[ASSIGNMENT]:
Only the pictures are to be left out; write out the rest of the data exactly.

[RAW DATA]:
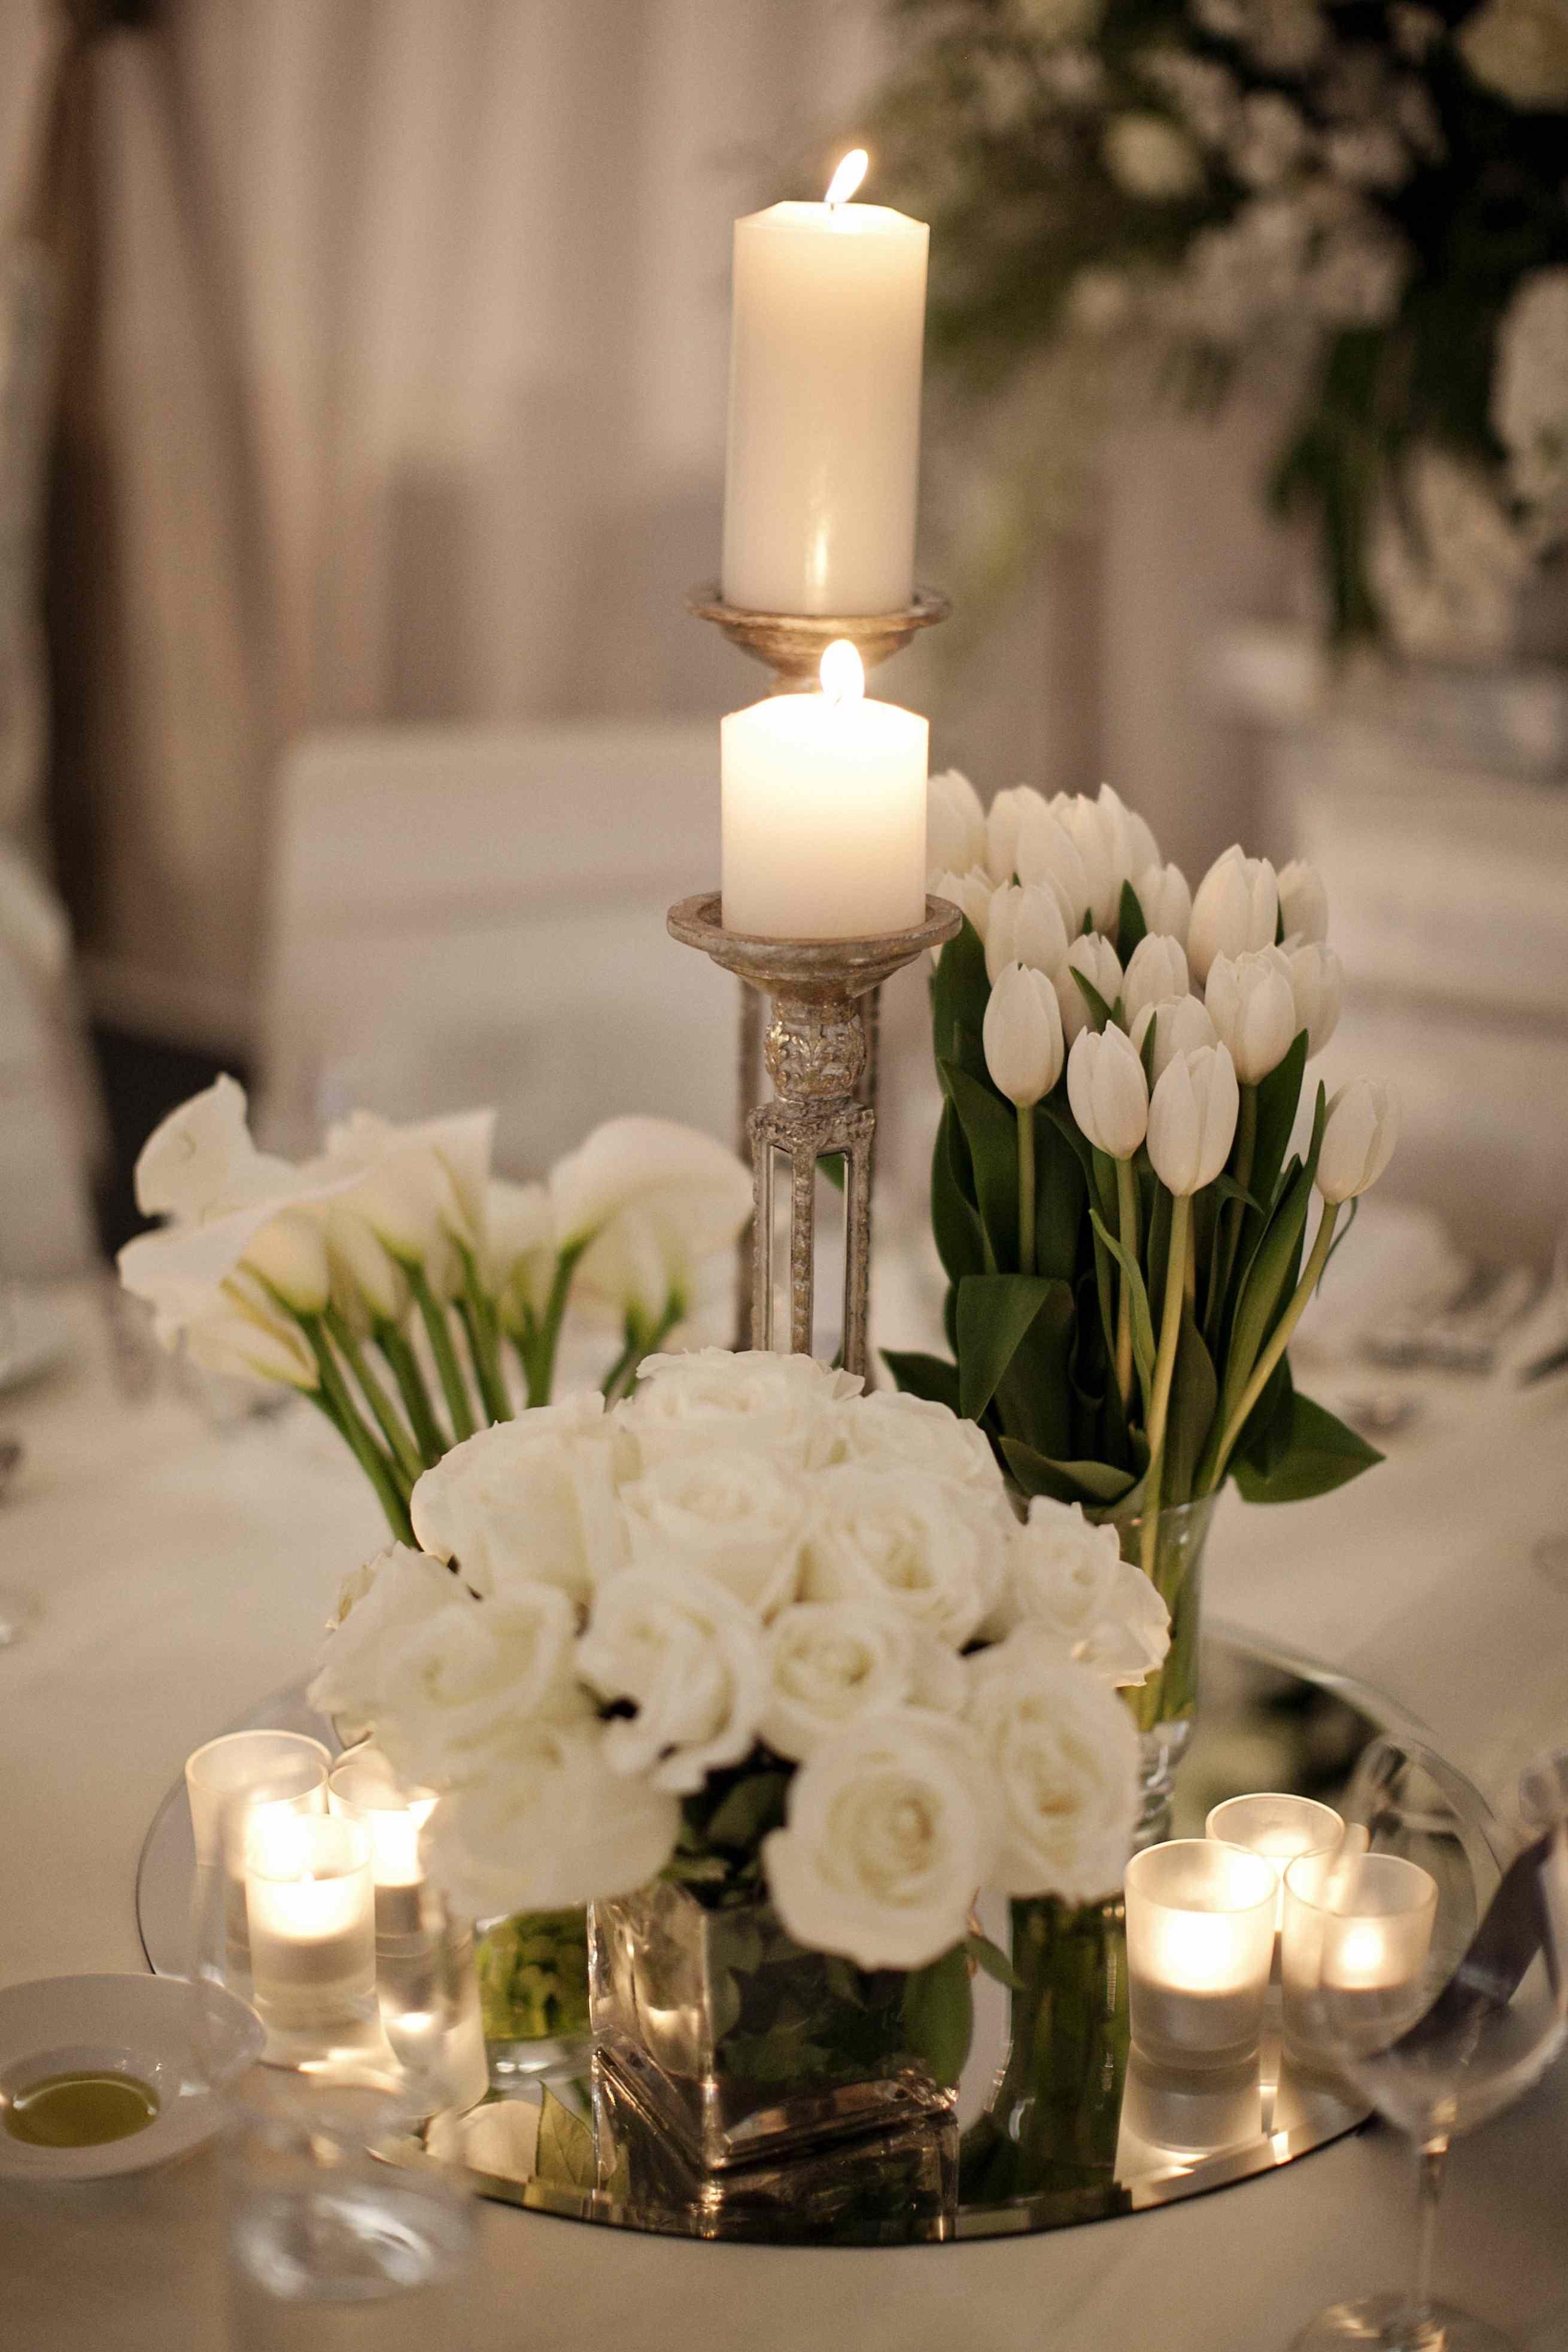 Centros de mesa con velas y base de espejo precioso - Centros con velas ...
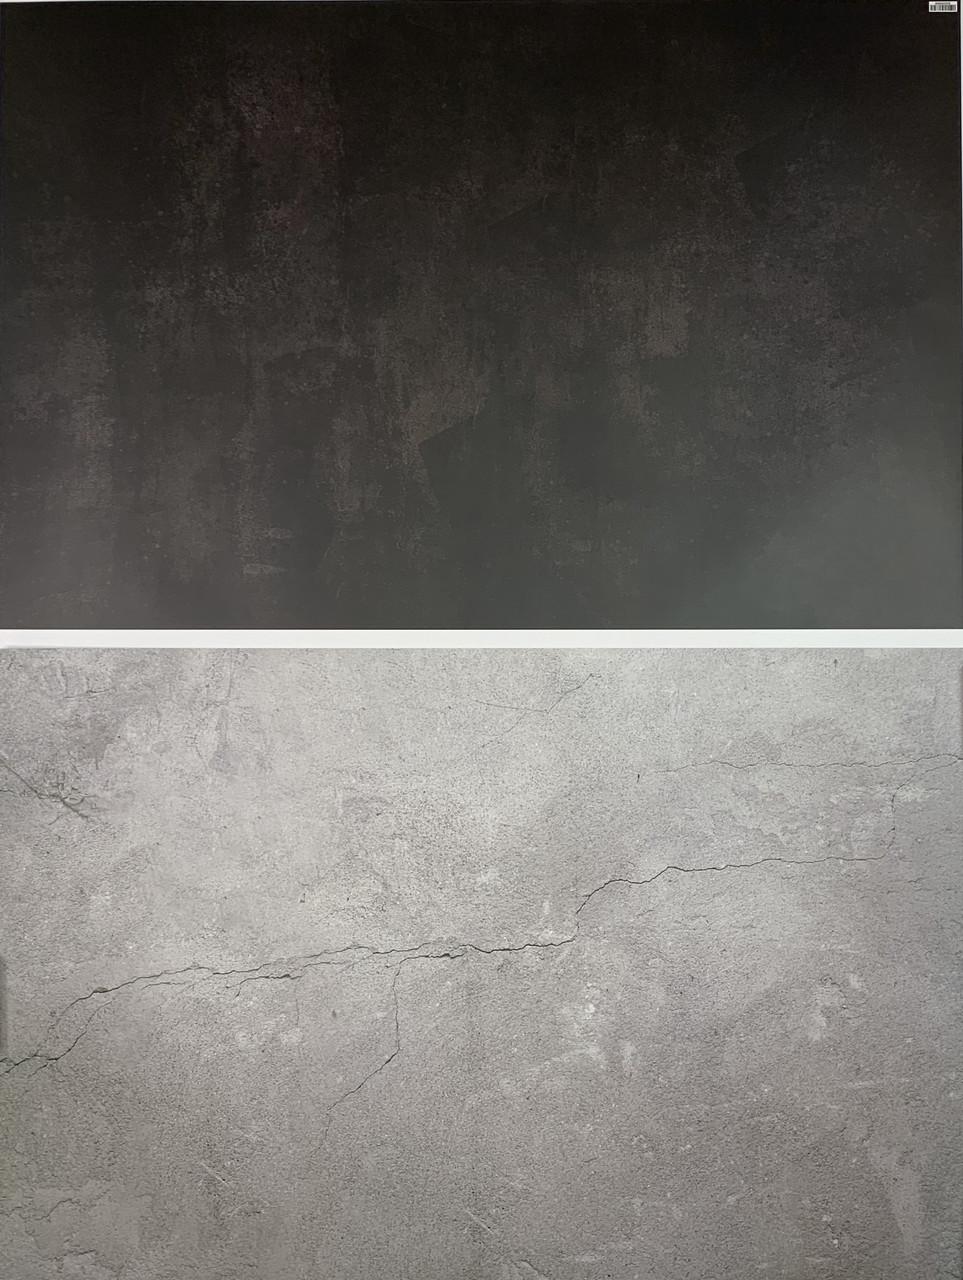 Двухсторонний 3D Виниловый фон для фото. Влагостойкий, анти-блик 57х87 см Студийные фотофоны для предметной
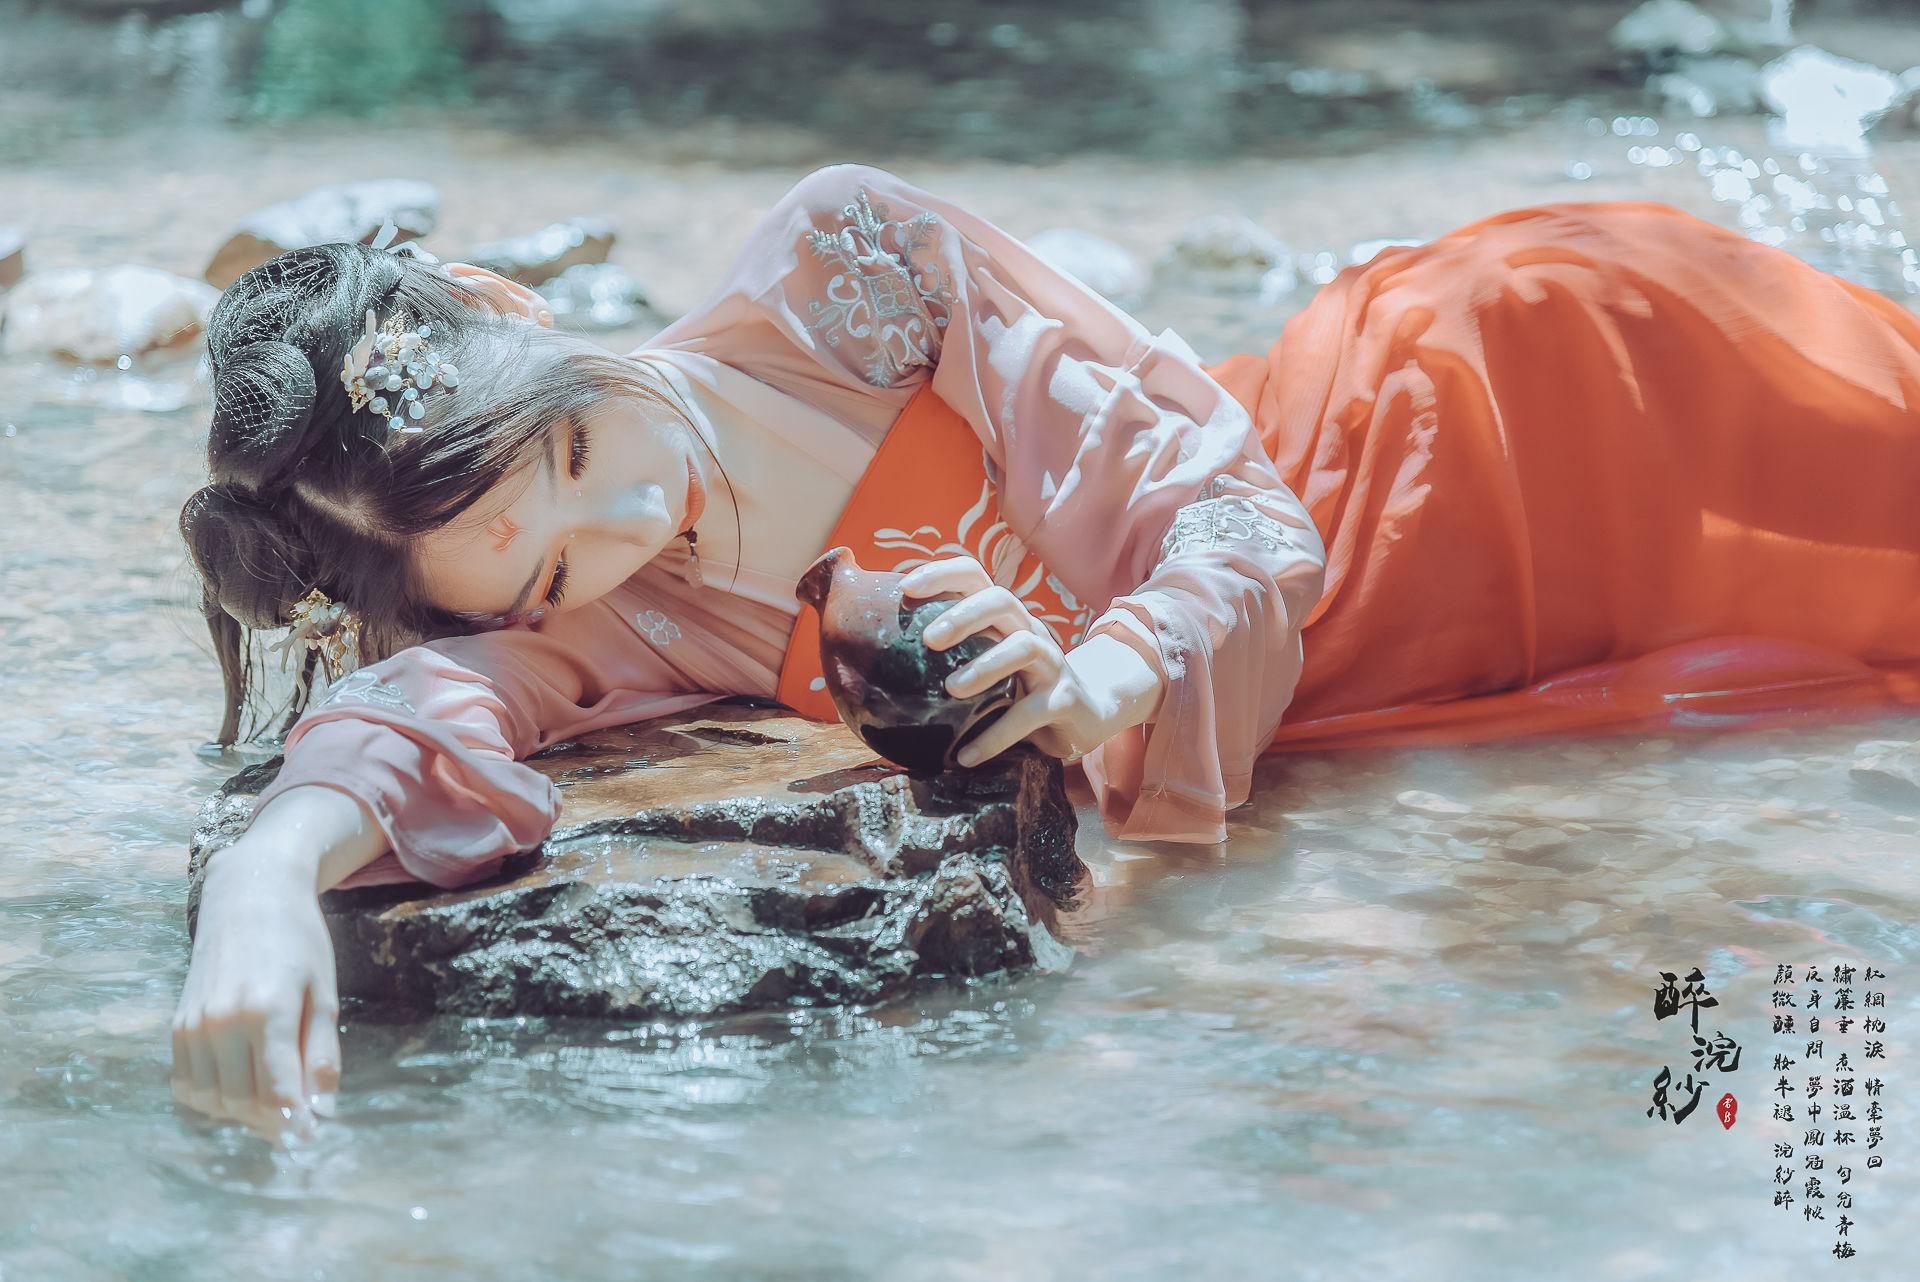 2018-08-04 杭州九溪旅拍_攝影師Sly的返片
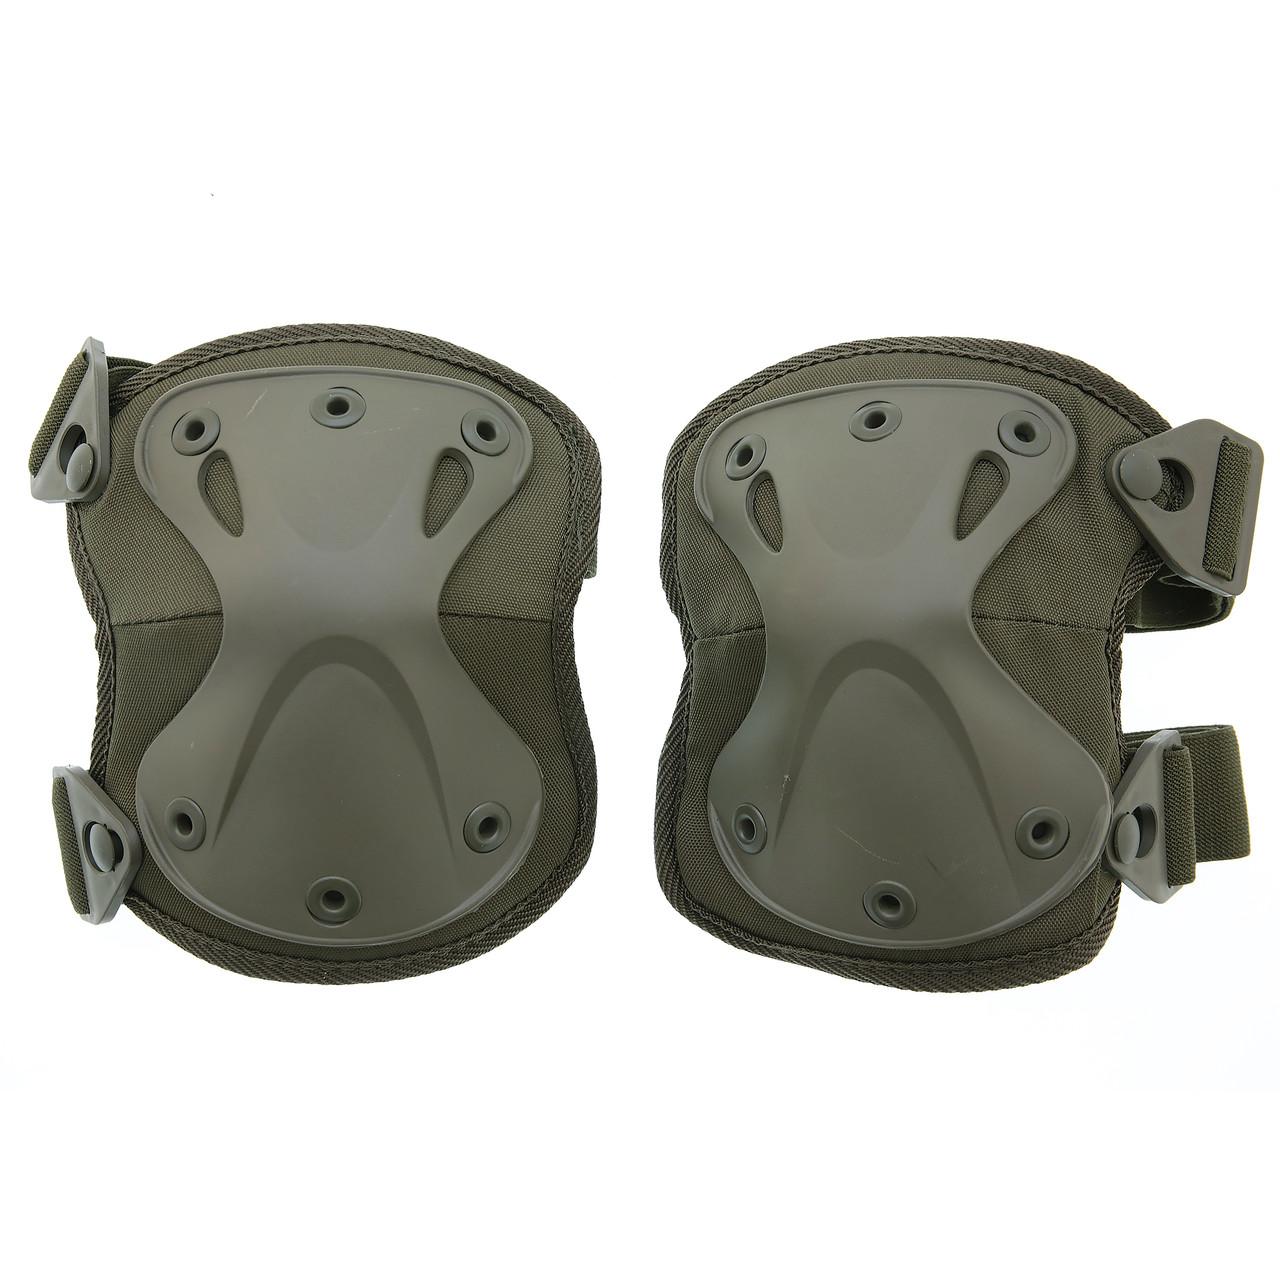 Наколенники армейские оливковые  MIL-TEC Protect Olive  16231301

[EXERCISE RESULT]:
 Centros de mesa con velas y base de espejo precioso - Centros con velas ...
 Двухсторонний 3D Виниловый фон для фото. Влагостойкий, анти-блик 57х87 см Студийные фотофоны для предметной
 2018-08-04 杭州九溪旅拍_攝影師Sly的返片
 Наколенники армейские оливковые  MIL-TEC Protect Olive  16231301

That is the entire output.